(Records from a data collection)

↓↓↓

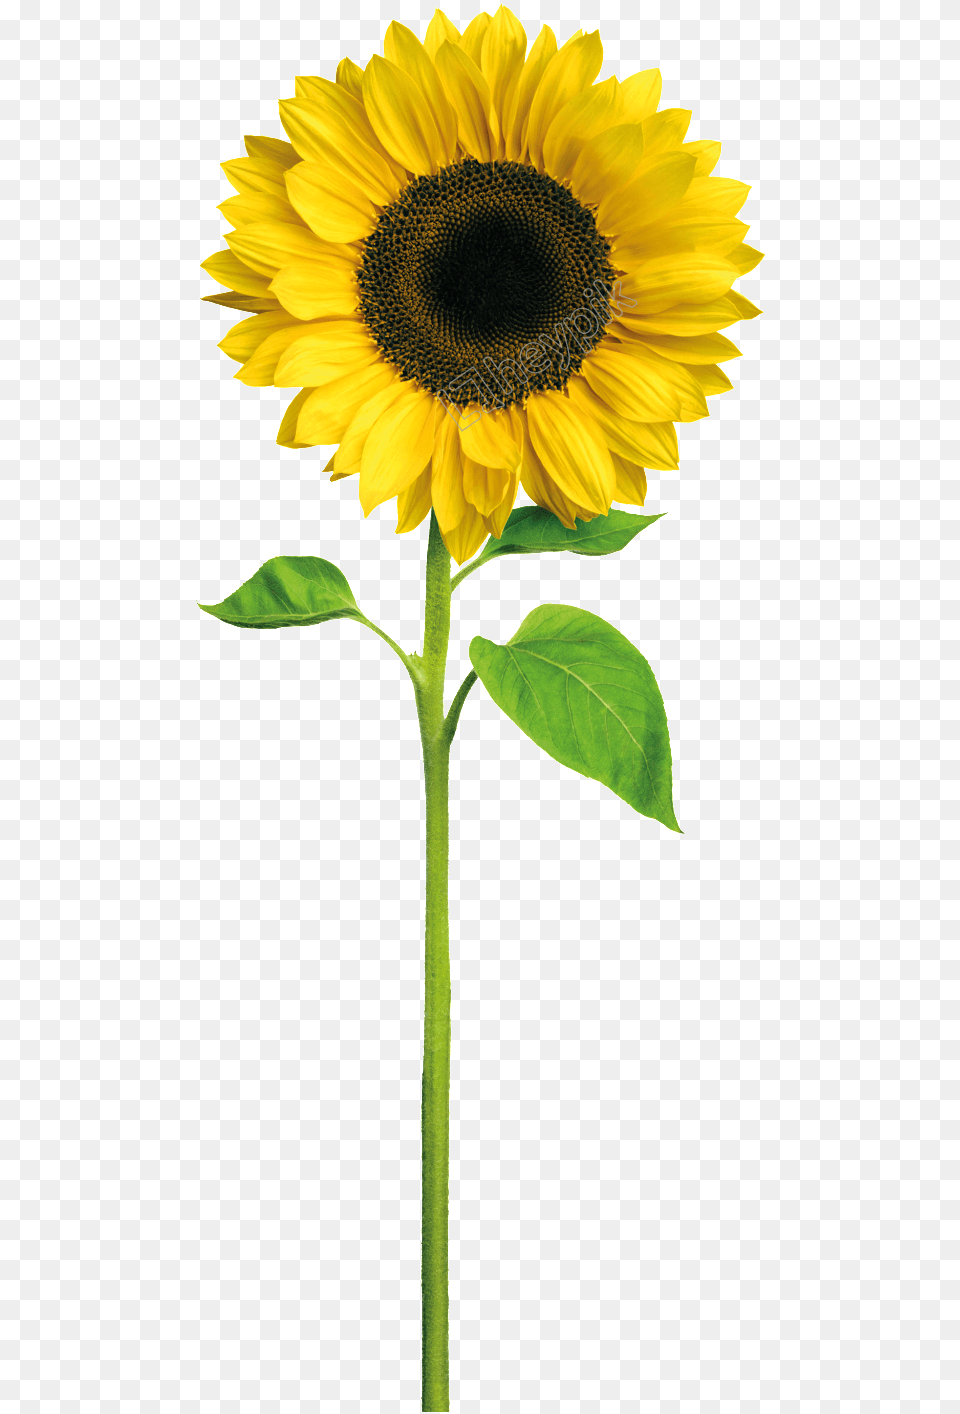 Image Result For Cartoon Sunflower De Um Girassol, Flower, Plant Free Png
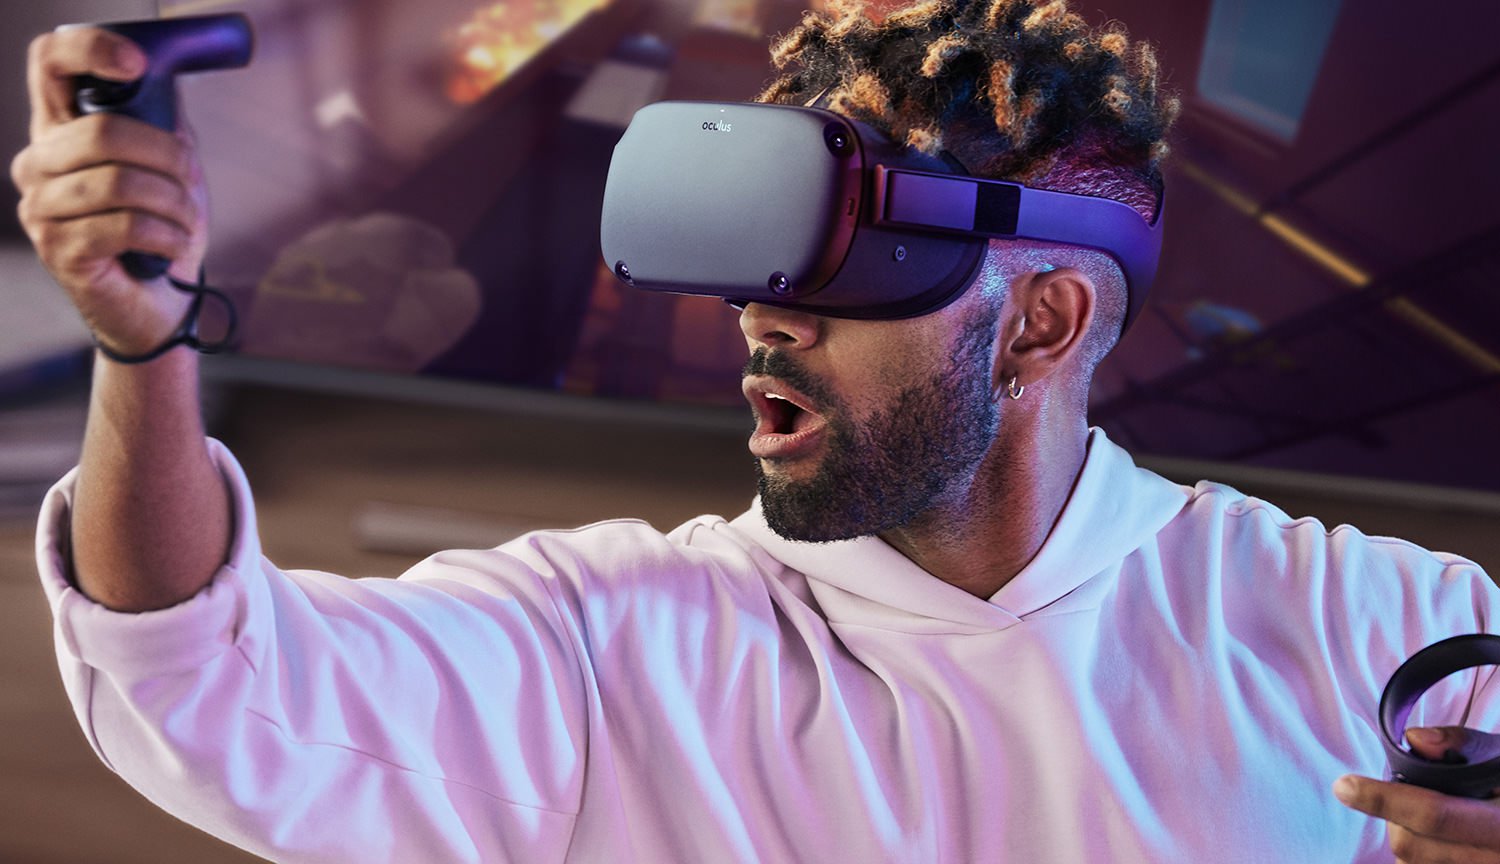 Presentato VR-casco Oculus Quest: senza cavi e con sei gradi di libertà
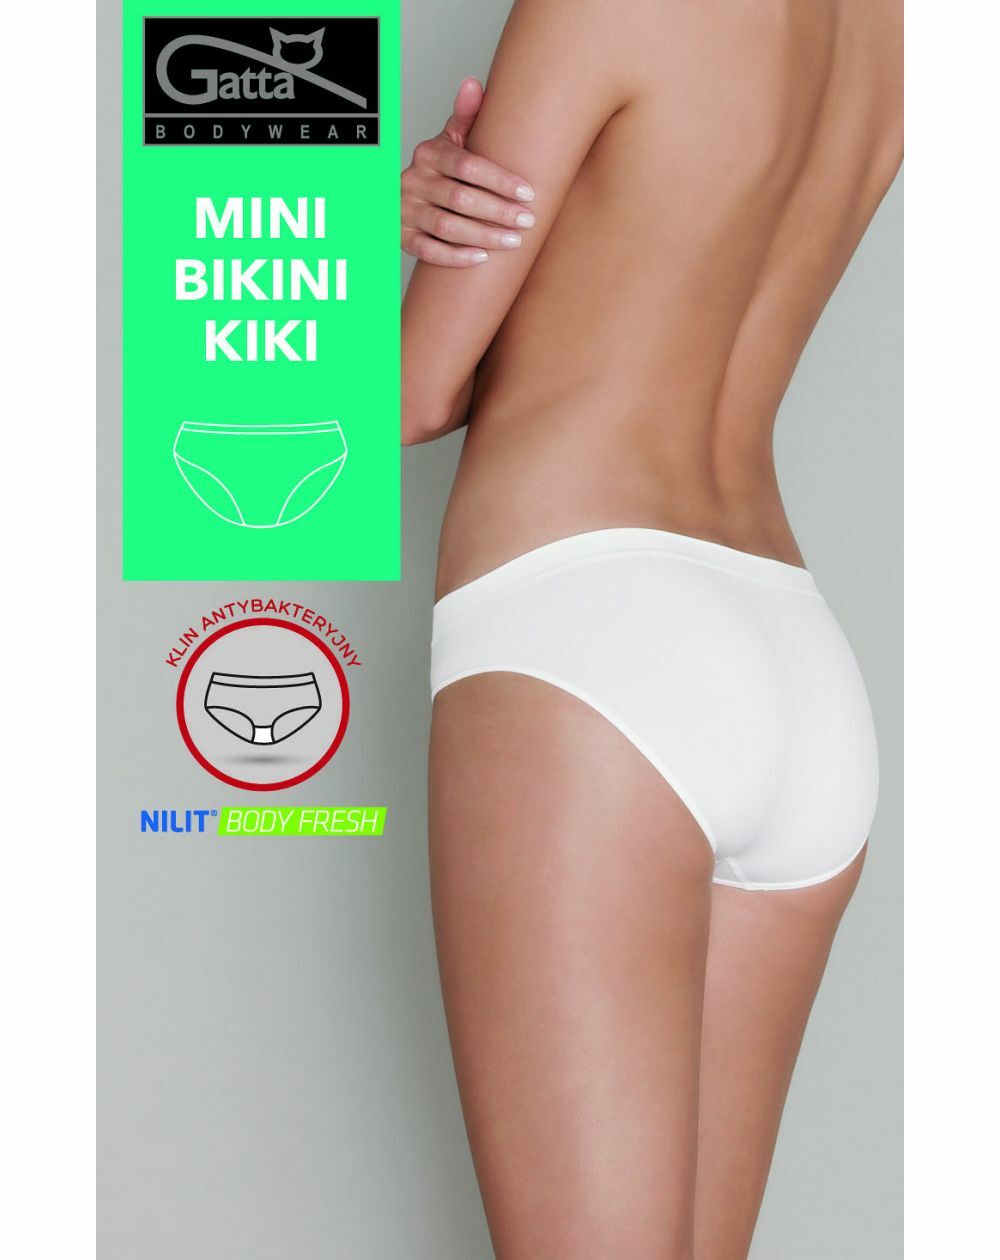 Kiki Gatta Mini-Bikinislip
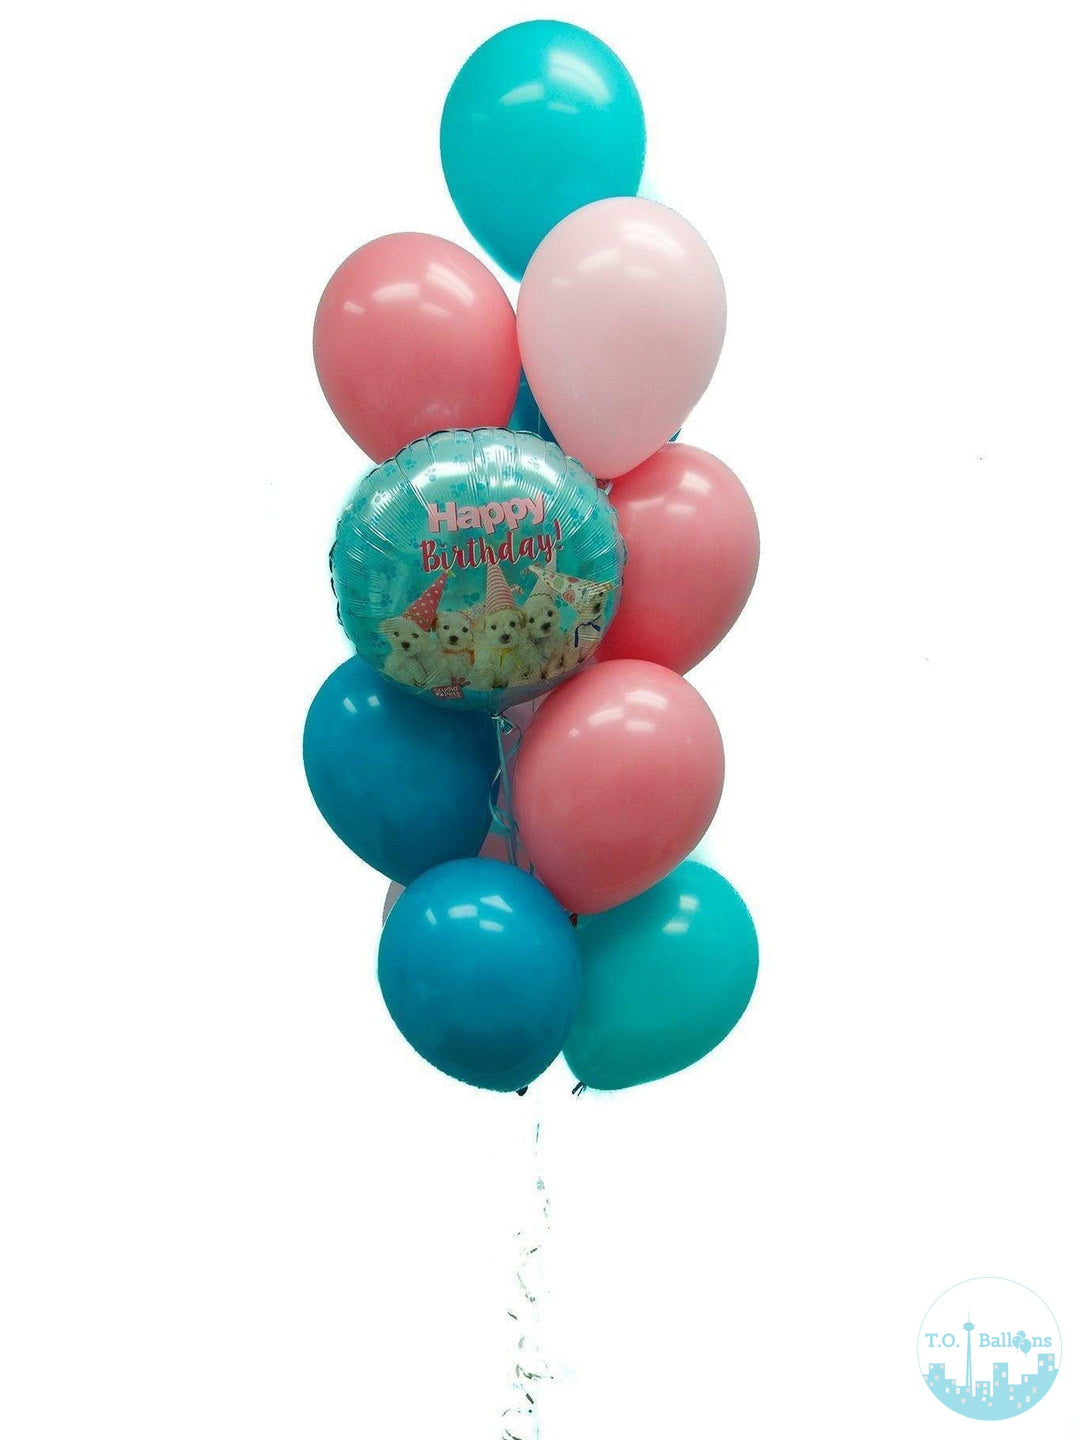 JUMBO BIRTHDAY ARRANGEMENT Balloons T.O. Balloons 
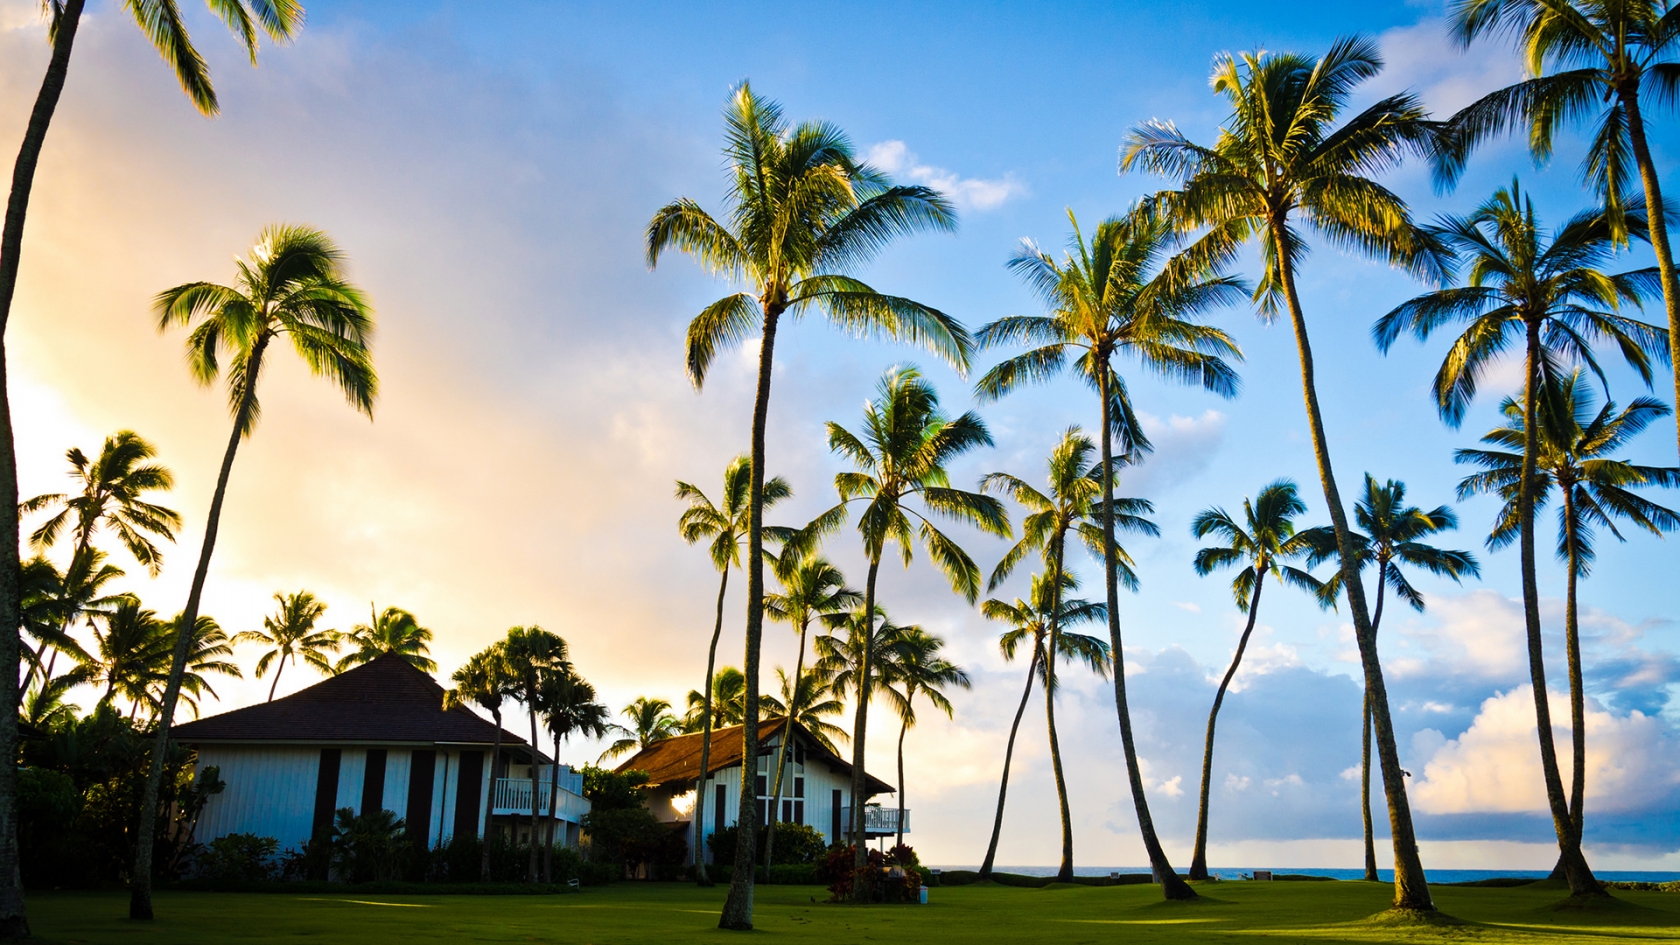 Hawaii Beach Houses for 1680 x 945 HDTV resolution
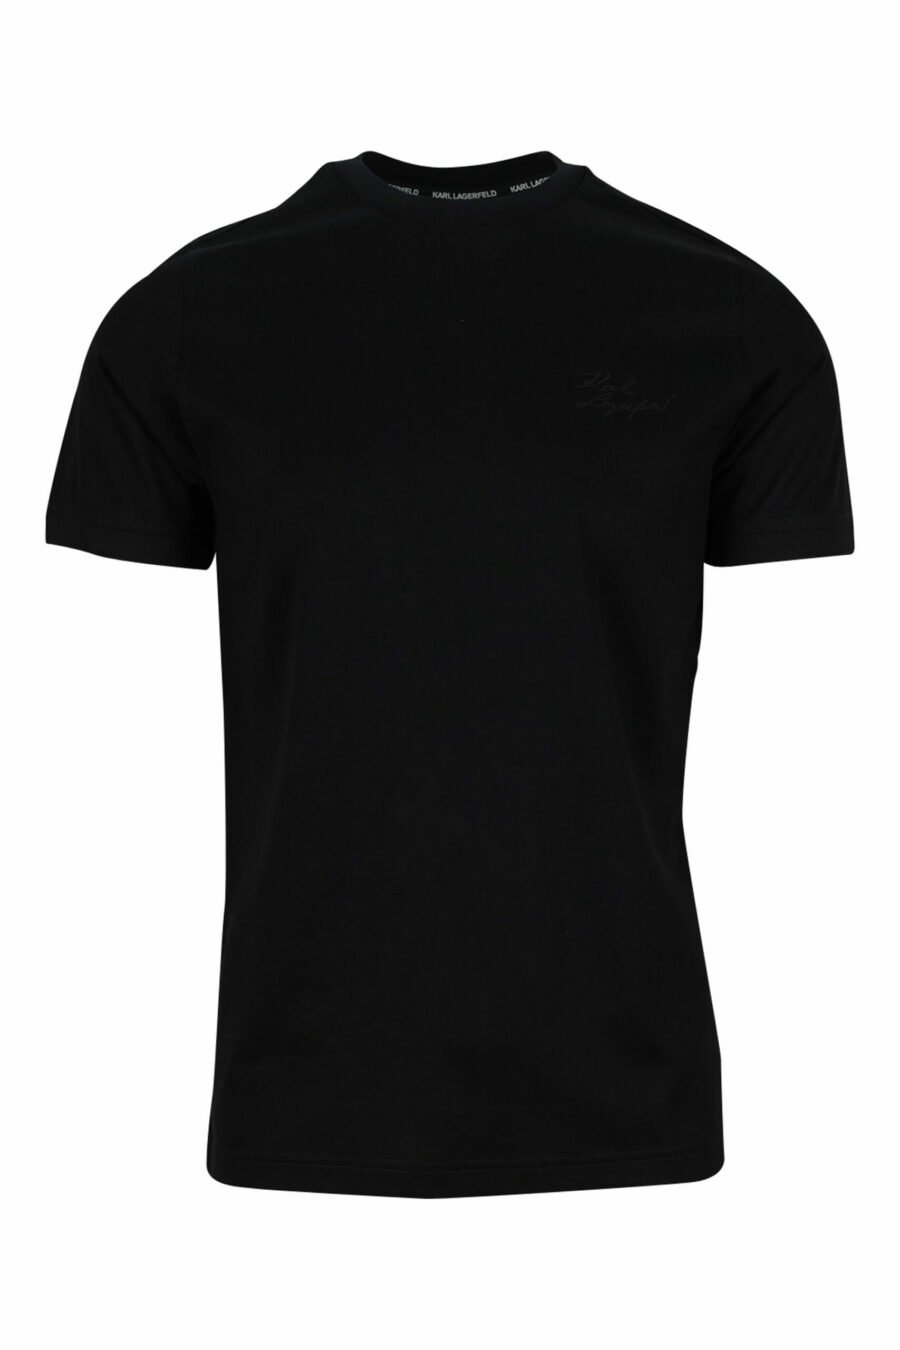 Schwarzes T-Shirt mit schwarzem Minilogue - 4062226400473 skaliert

↑↑↑

- [TASK]:
Exactly as written, set down the lines from the line holding "JUMBO BIRTHDAY ARRANGEMENT" to the last line of the data, both ends included, pictures excluded.

- [TASK RESPONSE]:
 JUMBO BIRTHDAY ARRANGEMENT Balloons T.O. Balloons 
 Hawaii Beach Houses for 1680 x 945 HDTV resolution
 Schwarzes T-Shirt mit schwarzem Minilogue - 4062226400473 skaliert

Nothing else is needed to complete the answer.